Bug 1921321 - SR-IOV obliviously reboot the node
Summary: SR-IOV obliviously reboot the node
Keywords:
Status: CLOSED ERRATA
Alias: None
Product: OpenShift Container Platform
Classification: Red Hat
Component: Networking
Version: 4.7
Hardware: Unspecified
OS: Unspecified
high
urgent
Target Milestone: ---
: 4.8.0
Assignee: Peng Liu
QA Contact: zhaozhanqi
Stephen
URL:
Whiteboard:
: 1928265 (view as bug list)
Depends On:
Blocks: 1960103
TreeView+ depends on / blocked
 
Reported: 2021-01-27 21:47 UTC by Yuval Kashtan
Modified: 2021-12-09 07:55 UTC (History)
12 users (show)

Fixed In Version:
Doc Type: Known Issue
Doc Text:
A reboot may be required to enact SR-IOV changes on supported NICs. SR-IOV currently issues the reboot when it is ready. If this reboot coincides with changes in the Machine Config policy, the node can be left in an undetermined state. The Machine Config Operator assumes that the updated policy has been applied when it has not. [NOTE] ==== This race condition can also be caused by adding a node to a Machine Config Pool that has MCP and SR-IOV changes. ==== To avoid this issue, new nodes requiring MCO and SR-IOV changes should be completed sequentially. First, apply all MCO configuration and wait for the nodes to settle. Then apply the SR-IOV configuration. If a new node is being added to a Machine Config Pool that includes SR-IOV, this issue can be avoided by removing the SR-IOV policy from the Machine Config Pool and then adding the new worker. Then re-apply the SR-IOV policy."
Clone Of:
Environment:
Last Closed: 2021-07-27 22:36:45 UTC
Target Upstream Version:
Embargoed:


Attachments (Terms of Use)
reproducer cluster objects (1.77 KB, text/plain)
2021-01-27 21:47 UTC, Yuval Kashtan
no flags Details


Links
System ID Private Priority Status Summary Last Updated
Github openshift sriov-network-operator pull 418 0 None closed Use MCO to apply switchdev configuration 2021-02-17 13:19:28 UTC
Github openshift sriov-network-operator pull 487 0 None open Bug 1921321: Sync upstream 2021-4-6 2021-04-07 14:18:40 UTC
Github openshift sriov-network-operator pull 494 0 None open Bug 1921321: Sync upstream: 2021-4-15 2021-04-15 02:14:36 UTC
Red Hat Product Errata RHSA-2021:2438 0 None None None 2021-07-27 22:37:15 UTC

Description Yuval Kashtan 2021-01-27 21:47:01 UTC
Created attachment 1751432 [details]
reproducer cluster objects

Description of problem:
When applying sriovNetworkNodePolicy in conjunction to applying an MachineConfig that takes a while to apply (like switching to rt-kernel),
SR-IOV reboot the node in the middle of that process.
when node come back online it is left in an intermediate state it cannot reconsile

IMHO this is a design bug,
all node configuration changes should be done through MCO.

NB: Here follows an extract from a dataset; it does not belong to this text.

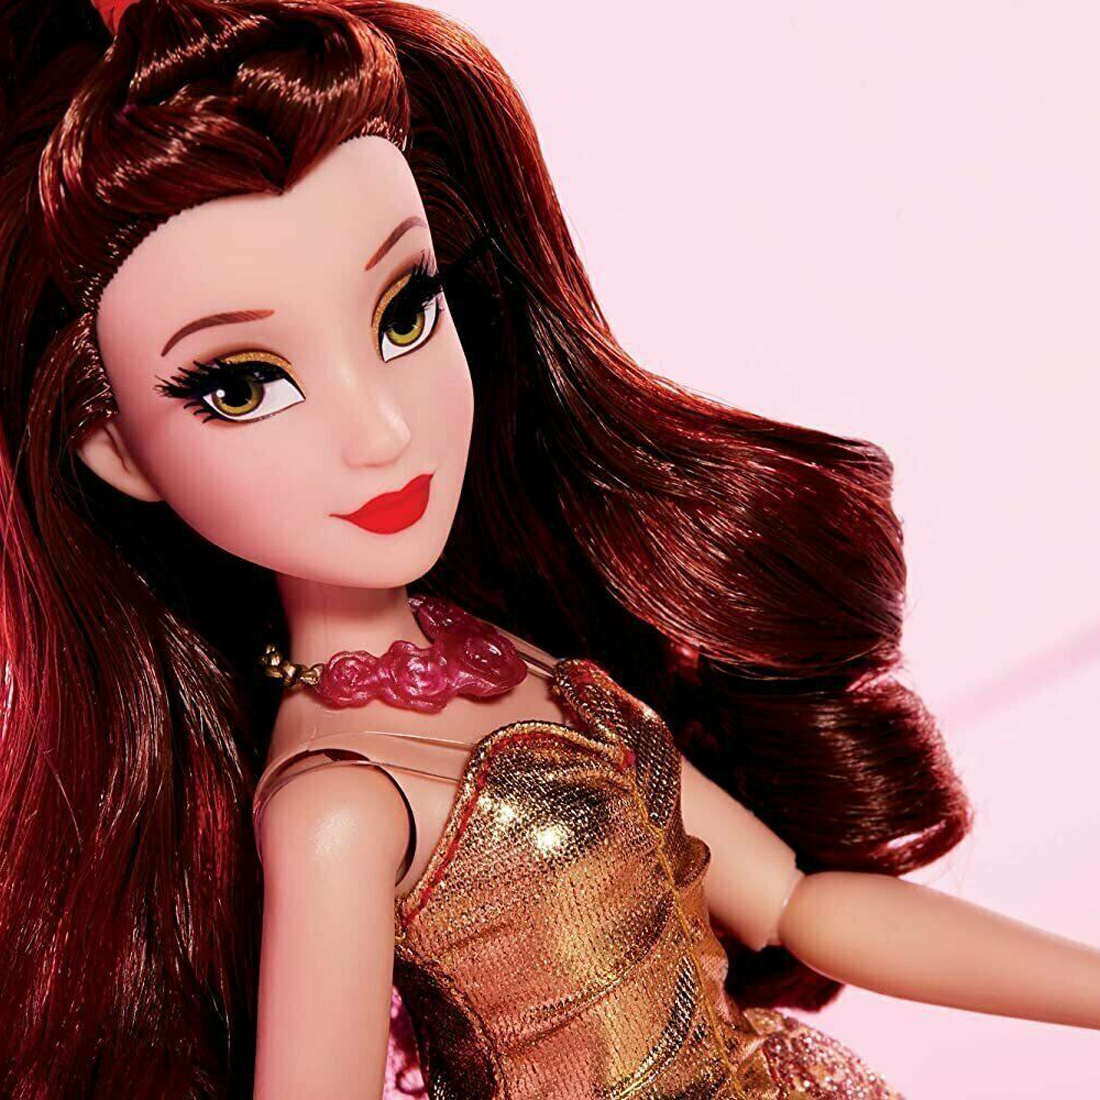 Disney Princess Style Series Belle Doll
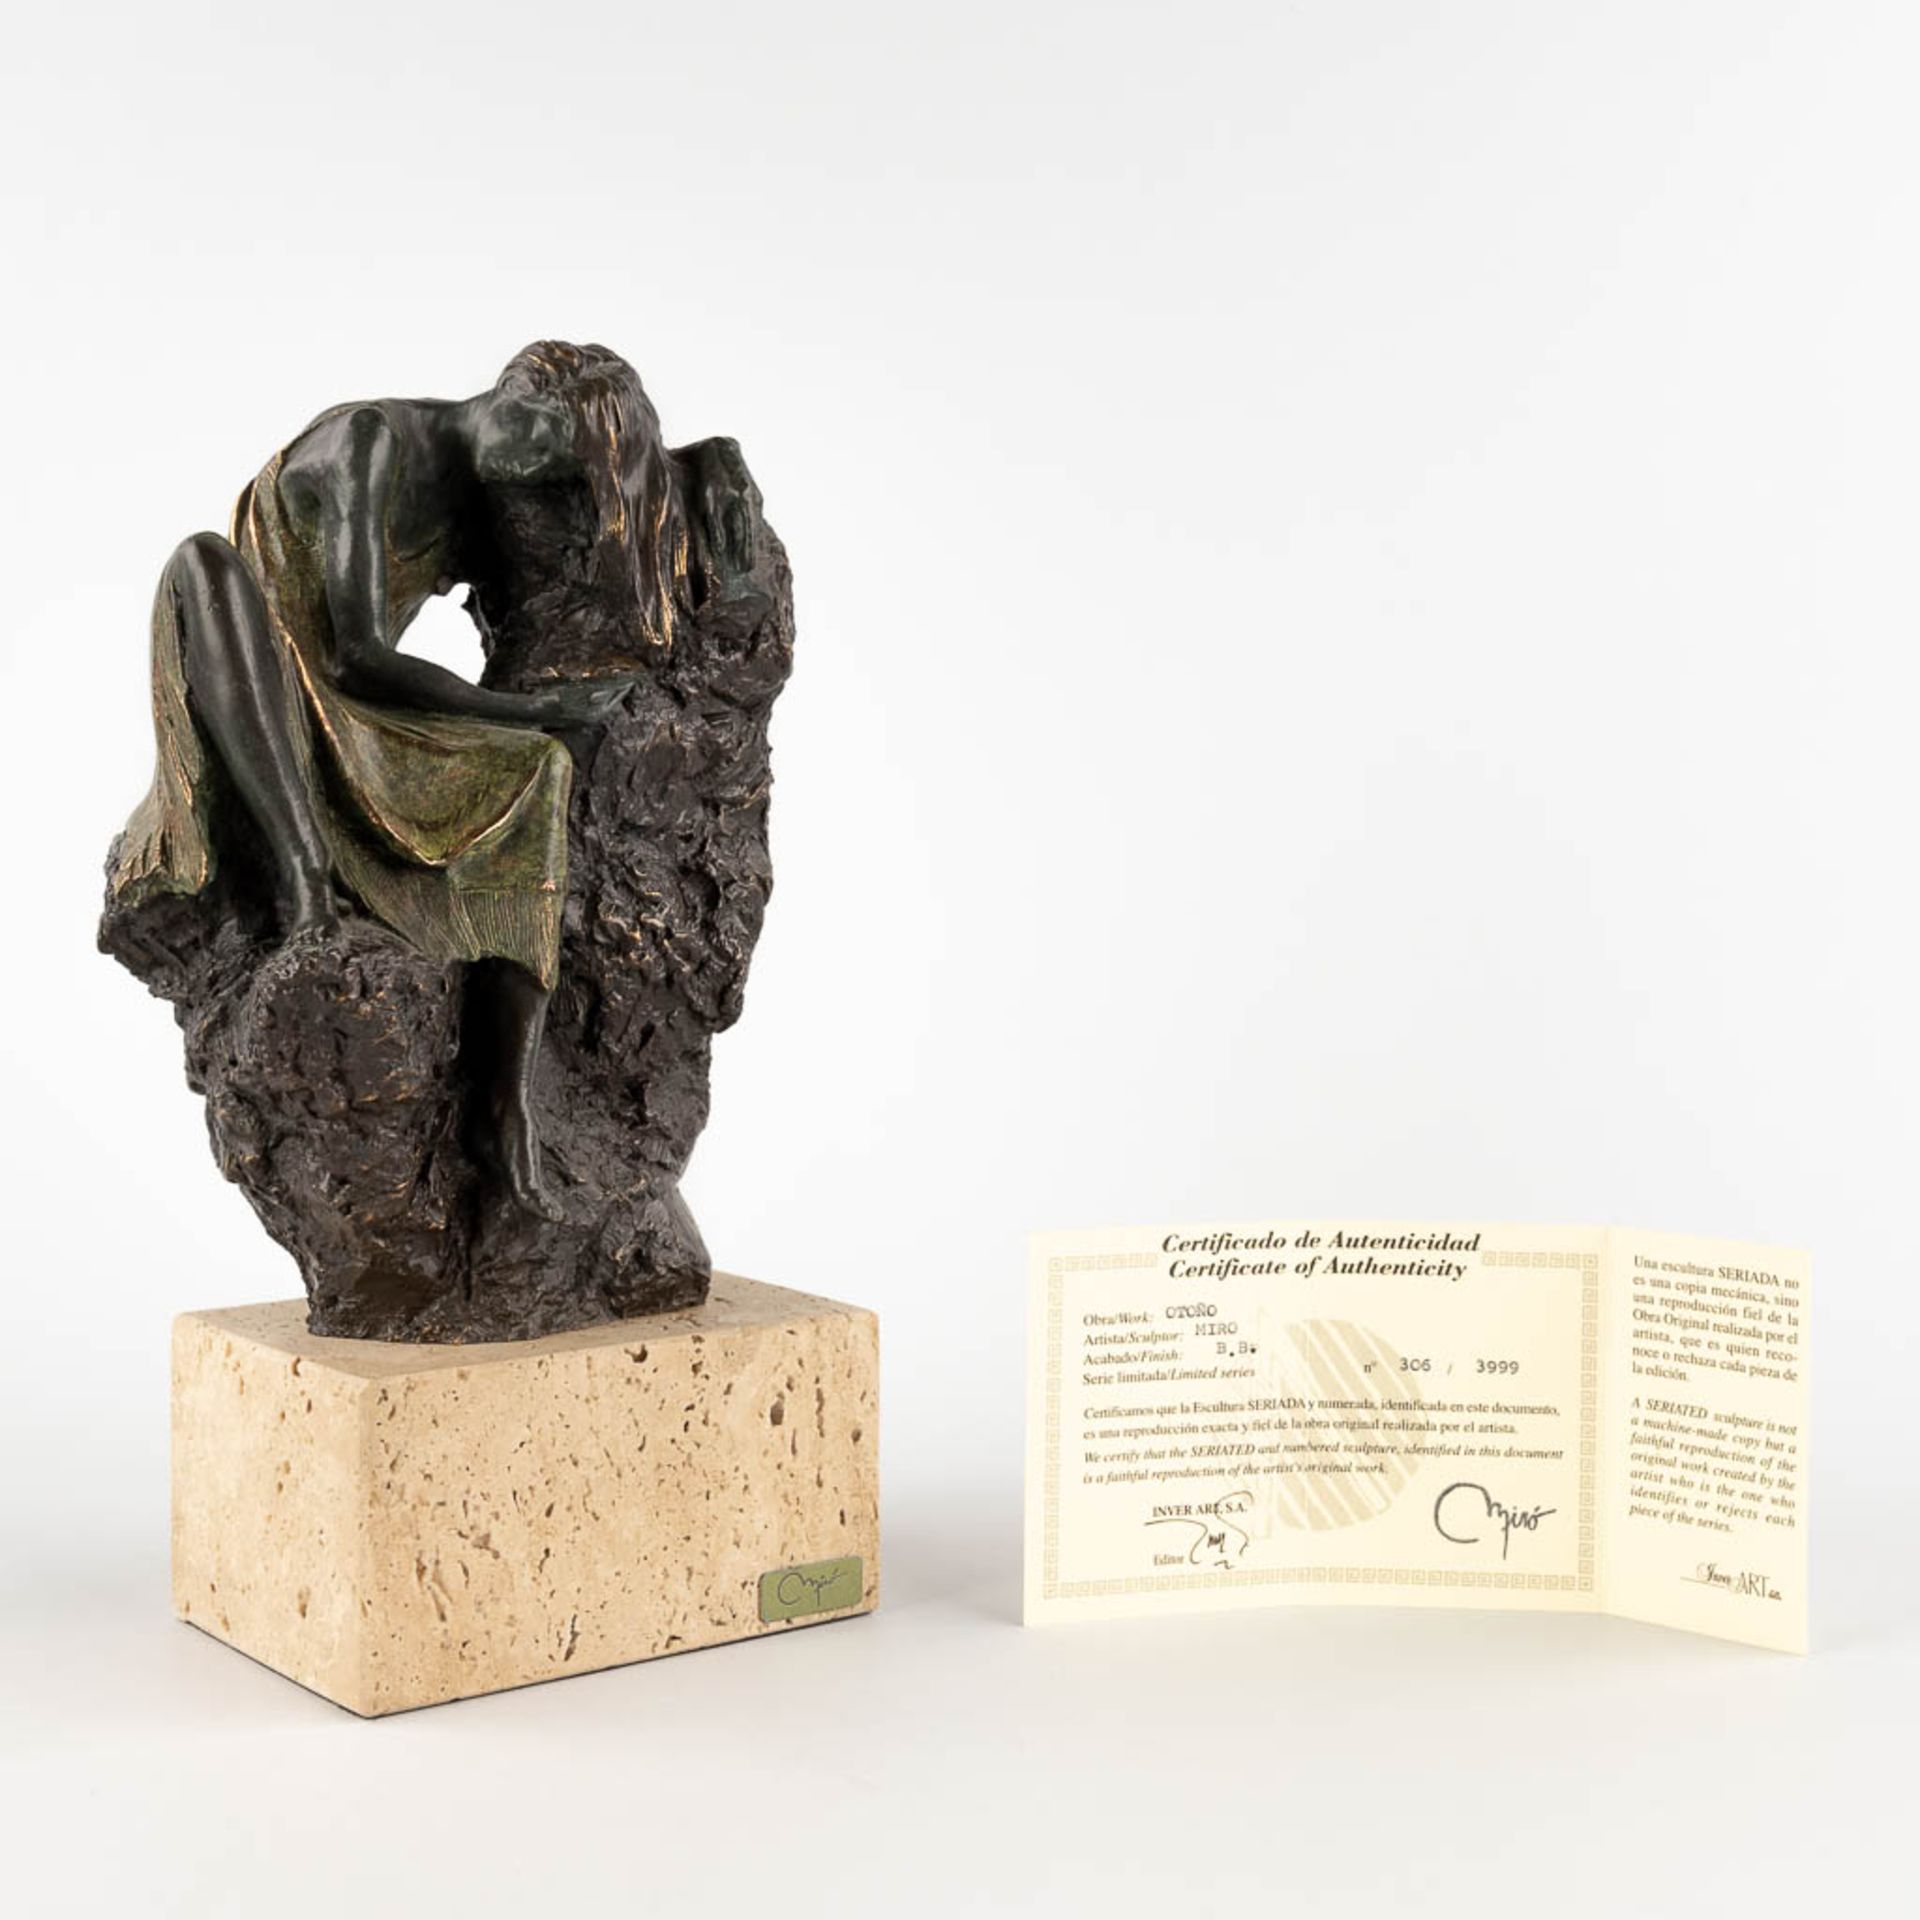 Joan MIRO (1893-1983)(after) 'Otono' patinated bronze. 286/3999. 1989. (H:22,5 cm) - Image 11 of 13

Version-Release number of selected component (if applicable):
4.7


How reproducible:
very often, with below steps


Steps to Reproduce:
to use it:
this need a node with Intel SRIOV capable NIC.
make sure to update the SriovNetworkNodePolicy with that NIC name
then:
1. oc apply -f reproducer.yaml # it is expected to fail on missing CRDs
2. wait for cluster to settle and sriov-network-operator to become operational
3. apply worker-duprofile to node
4. oc apply -f reproducer.yaml # again to apply missing CRs
5. you can inspect sriov-daemon and machine-config-daemon on that node to see what happening

Actual results:
no kernel-rt on node

Expected results:
kernel-rt on node

Additional info:
this is the bz on MCO part - https://bugzilla.redhat.com/show_bug.cgi?id=1916169

Comment 2 Yuval Kashtan 2021-01-29 13:21:50 UTC
seems like there's already a mechanism to interact with MCO u/s
https://github.com/openshift/sriov-network-operator/commit/d45a8e35feec3d7b2e183052c07b56d93ff1e0a3

I dont think it resolve the issue (cause reqReboot can still be set)
but I think it can be enhanced to solve the issue

Comment 4 Ken Young 2021-02-04 19:52:44 UTC
More discussion here: http://post-office.corp.redhat.com/archives/aos-devel/2021-February/msg00086.html

Updating the severity of this to urgent.

Comment 6 Ken Young 2021-02-11 21:21:16 UTC
Zenghui,

I believe this issue should be documented in the 4.7 Release notes.  I am thinking something like this:

Cause: To enact SRIOV changes on an Intel NIC, a reboot is required.  SRIOV currently issues the reboot when it is ready.  If this reboot coincides with changes in the Machine Config policy, the node can be left in an undetermined state.  Machine Config Operator believes that updated policy has been applied when it actually has not.  Note that this race condition can also be caused by adding a node to a machine config pool which has MCP and SRIOV changes.

Consequence: The node is left in an indeterminate state.

Workaround (if any): To avoid this issue, new nodes requiring SRIOV and MCO changes should do so in a step wise fashion.  First apply all MCO configuration and wait for the nodes to settle.  Then apply the SRIOV configuration.  If a new node is being added to a machine config pool which includes SRIOV, this issue can be avoided by removing the SRIOV policy from the machine configuration pool and then adding the new worker.  Then re-apply the SRIOV policy.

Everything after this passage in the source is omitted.